The Morris Minor is a small 4-seater car with an 850 cc engine (2 variations) manufactured by Morris Motors Limited from 1928 until 1934. The name was resurrected for another newer car for the same market in 1948.

== History - motivation ==
Beginning in 1922 the tiny seven horsepower Austin had brought motoring to a new public and broadened the market. Against that Morris's Oxfords and Cowleys had taken 41 per cent of the entire 1925 British private car market. Morris sales had begun to slow in 1926. They were revived by a new face for the Morris Oxford and Cowley and an expansion of Morris's range both up and down the scale.
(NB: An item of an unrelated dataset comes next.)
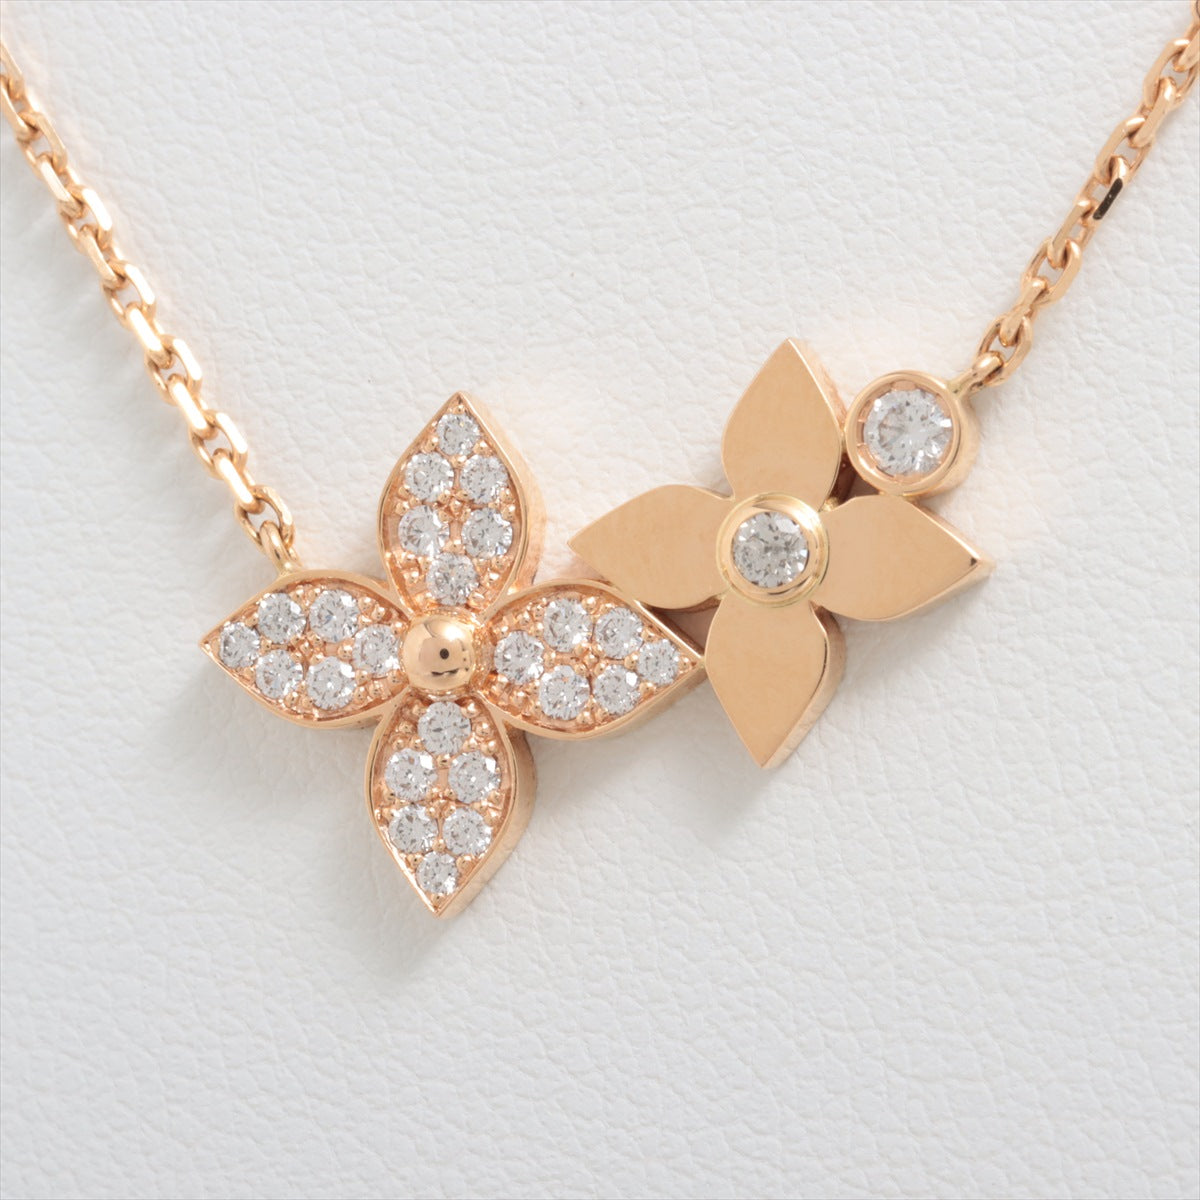 Louis Vuitton Pandantif Star Blossom Double diamond Necklace 750(PG) 6.6g

The same year William Morris realised millions from the sale and stock market listing of preference shares in his business and he privately bought Wolseley, founded by Herbert Austin, which until a few years earlier had been Britain's largest car manufacturer.

William Morris now had ample wherewithal to go after Herbert Austin's little car with his own small Morris. With a surplus of production facilities, and Wolseley's design engineers added to his own at Morris Commercial Cars, little time was taken for development of the Morris Minor. A more complex design than Austin's Seven, the all-new car was on the market before the middle of 1928.

==Mechanicals==

===Engine===
The new Morris engine was designed by Wolseley, by this time also personally owned by William Morris. It was largely a new design but following a conventional Wolseley SOHC front camshaft drive concept if much smaller than any existing Wolseley unit. The overhead camshaft was driven by a vertical spiral bevel geared shaft that passed through the dynamo carrying the armature. A single SU carburettor was fitted and coil ignition used. The engine produced 20 bhp at 4000 rpm allowing a top speed of 55 mph (88 km/h). The electrical system was 6 volt.

The Morris Minor's engine was produced in two versions. From 1928 to 1930 all the cars had an 847 cc overhead-camshaft engine designed and made by Wolseley. It remained in production for the more expensive Minors until 1932.

Morris's in-house engineers at Morris Commercial Cars led by Percy Rose, who had designed the chassis, devised a simpler valve train for the same block. This more conventional side-valve unit of slightly lower power output entered production in late 1930 at Morris Commercial Cars' new premises in the former Wolseley works at Adderley Park, under the supervision of the young Leonard Lord. Initially for the lower-priced cars — first for the £100 car, later for others — it remained in production until 1934.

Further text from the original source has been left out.